WORK INSTRUCTION. Print nothing except the line holding "smoked ham and tomatoes on white Stock Photo" and the lines that come after it in the material below, and leave the pictures out.

TASK INPUT.
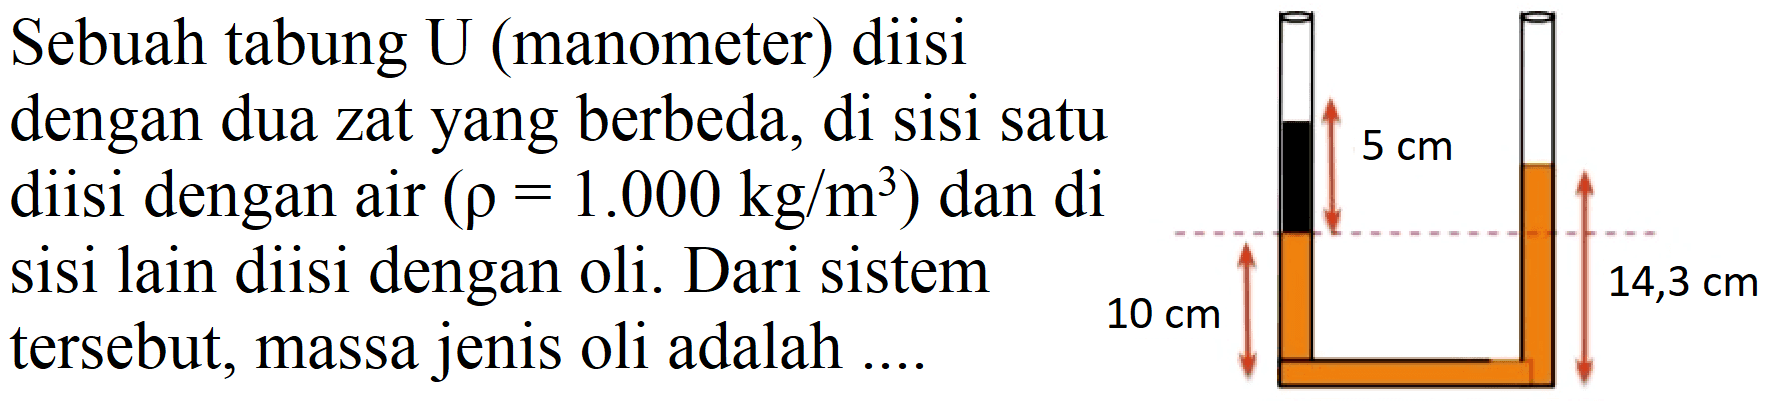 Sebuah tabung  U  (manometer) diisi
dengan dua zat yang berbeda, di sisi satu
diisi dengan air  (rho=1.000 kg / m^(3))  dan di
sisi lain diisi dengan oli. Dari sistem
tersebut, massa jenis oli adalah  ... . 
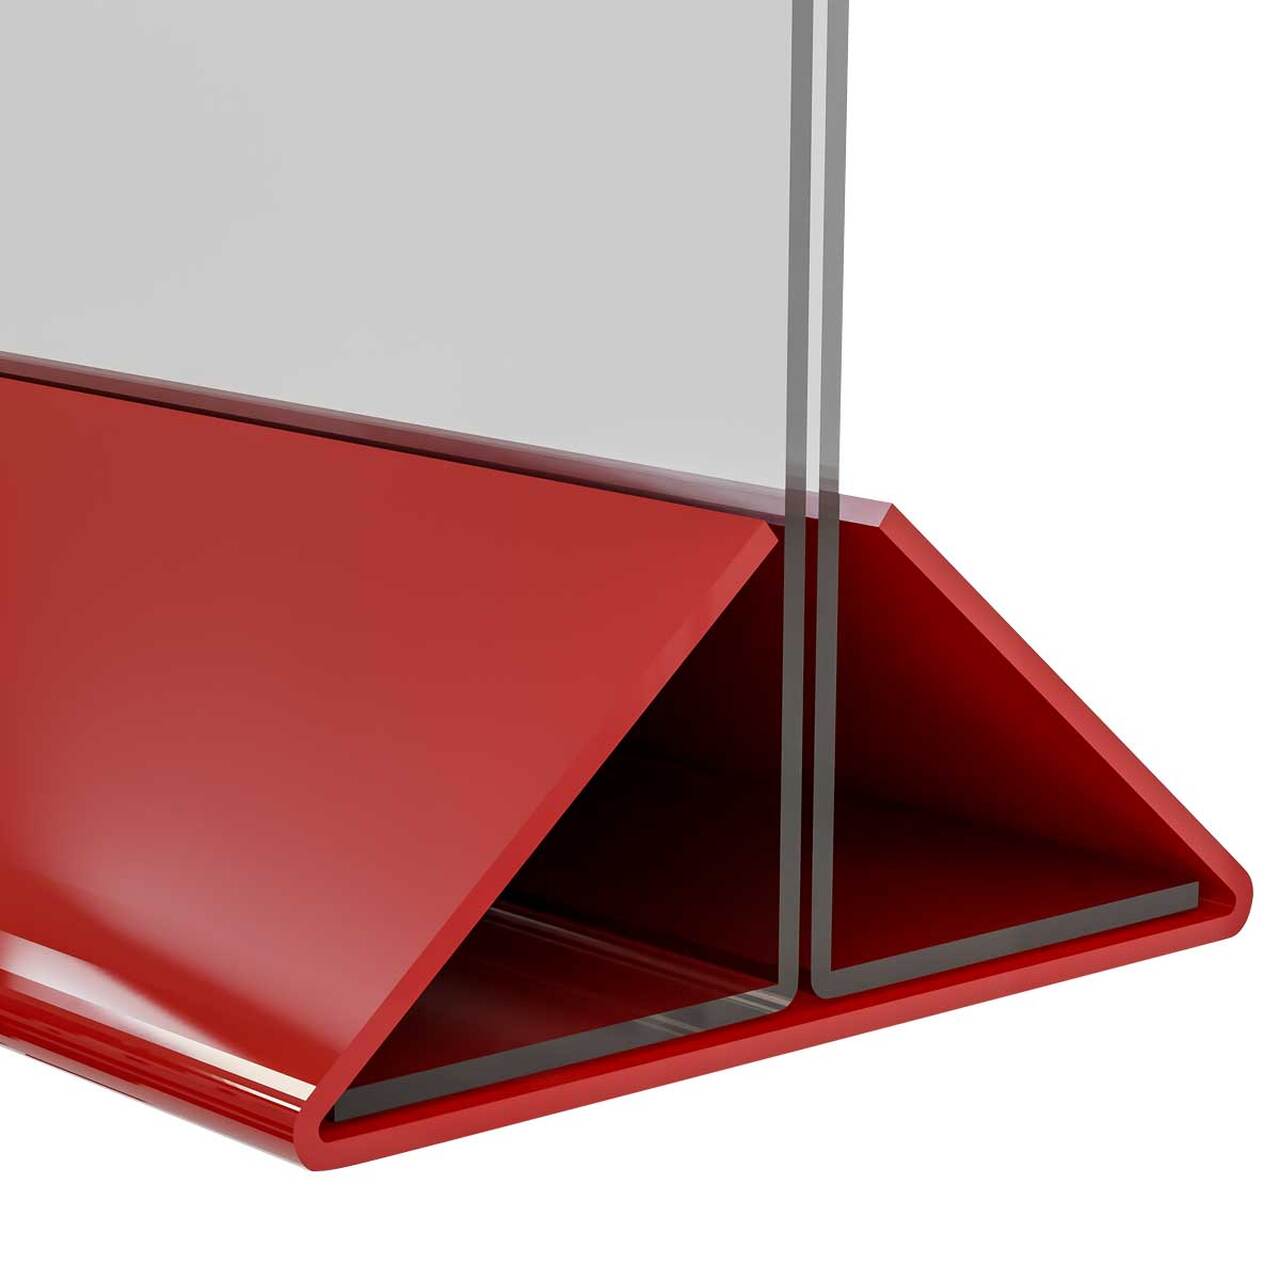 Menu Holder - Suport meniu din plexiglas cu bază roșie 100x210mm, Portrait, 2buc/set
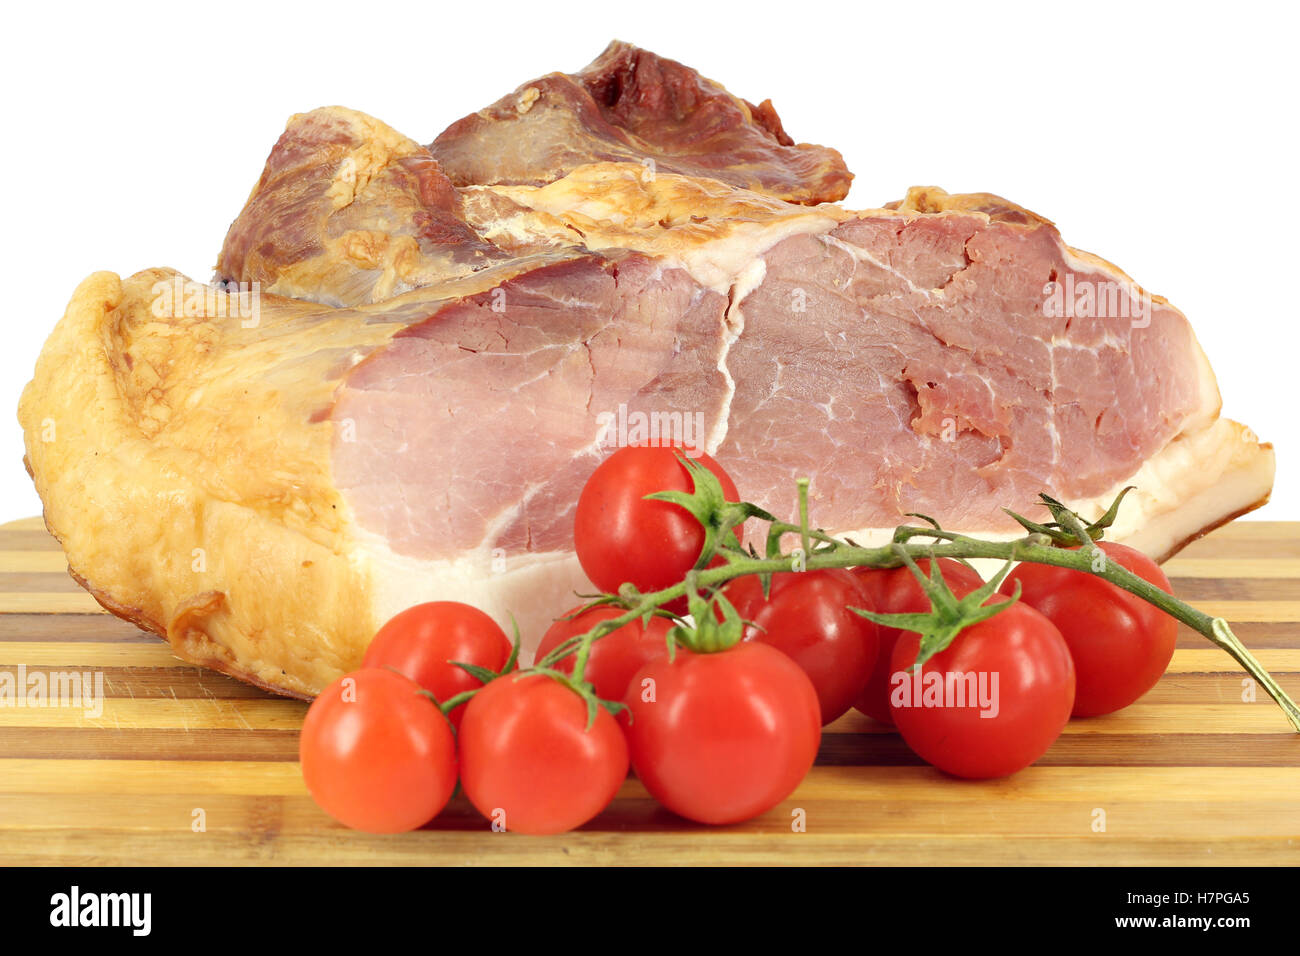 smoked ham and tomatoes on white Stock Photo
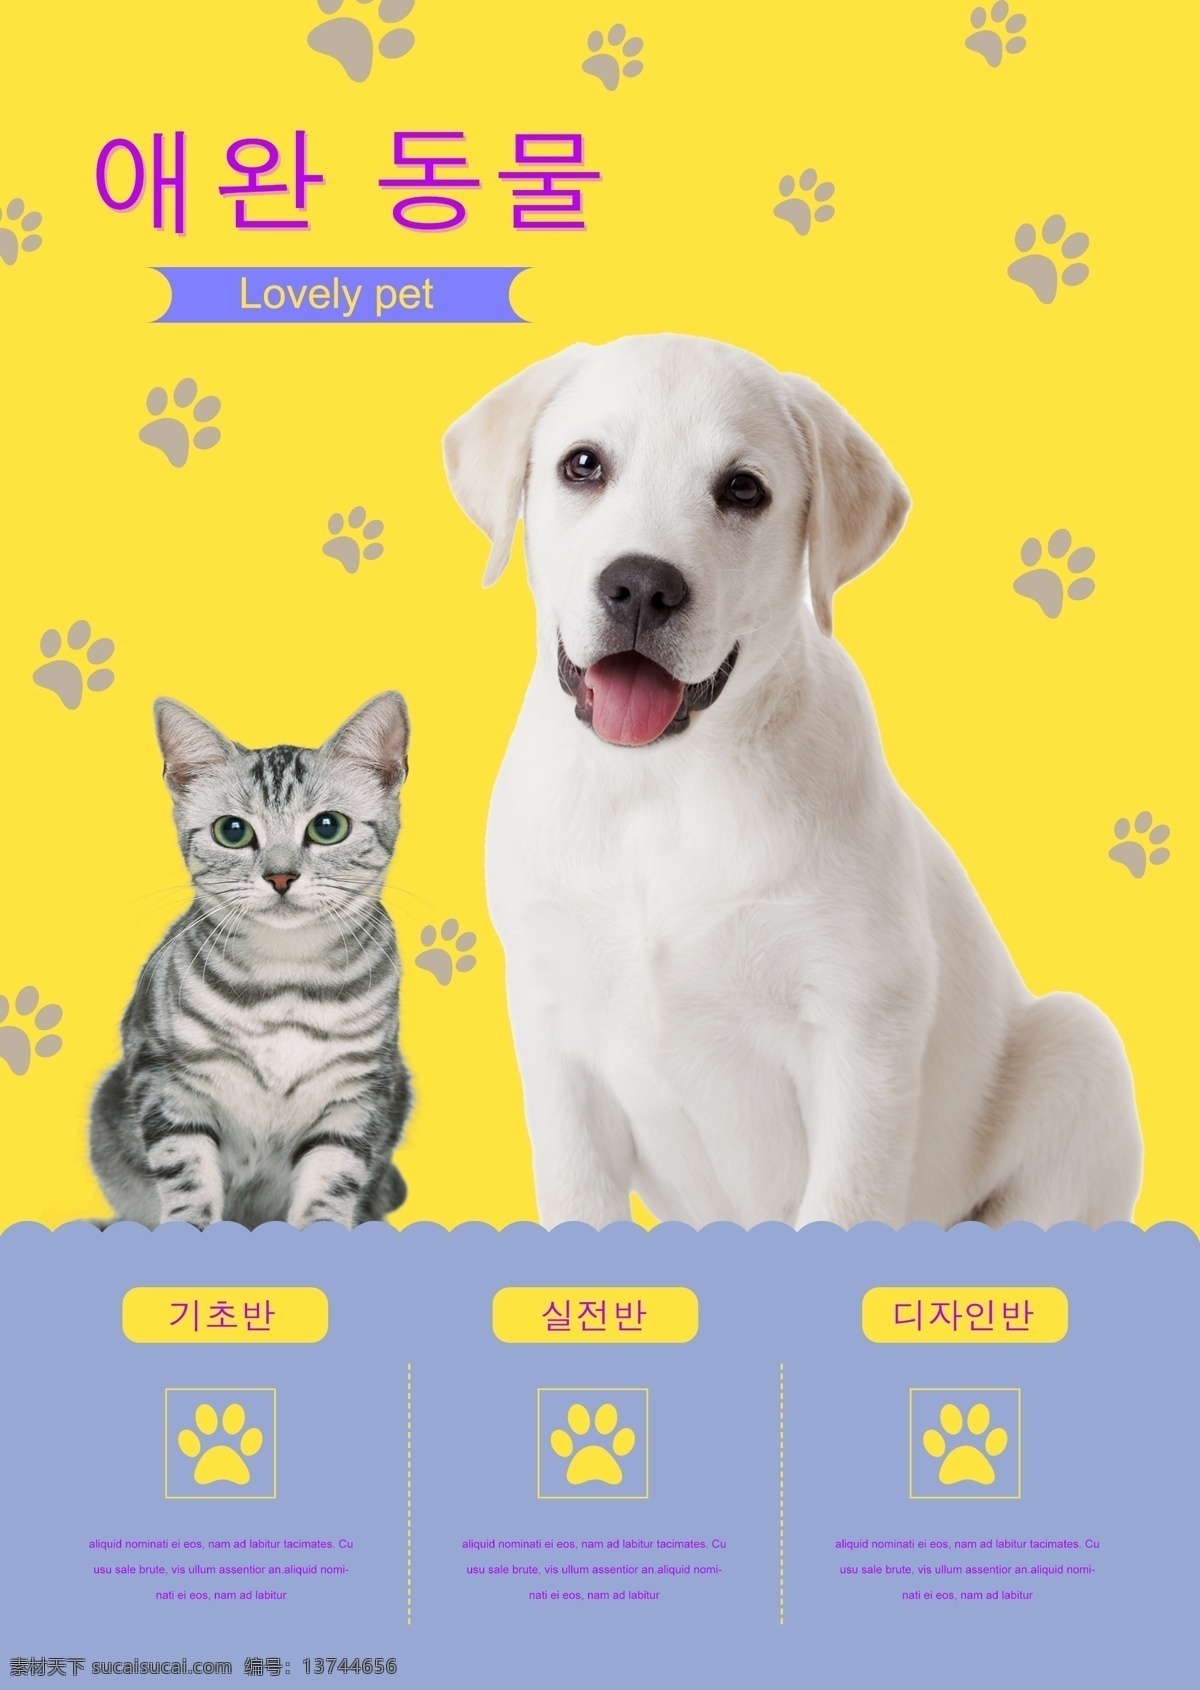 猫 狗 美容 体格 检查 黄色 海报 谈论 关于 溺爱 物理 可爱 美女 关心 宠物 红色 小狗

WRITTEN SOLUTION.
 smoked ham and tomatoes on white Stock Photo
 猫 狗 美容 体格 检查 黄色 海报 谈论 关于 溺爱 物理 可爱 美女 关心 宠物 红色 小狗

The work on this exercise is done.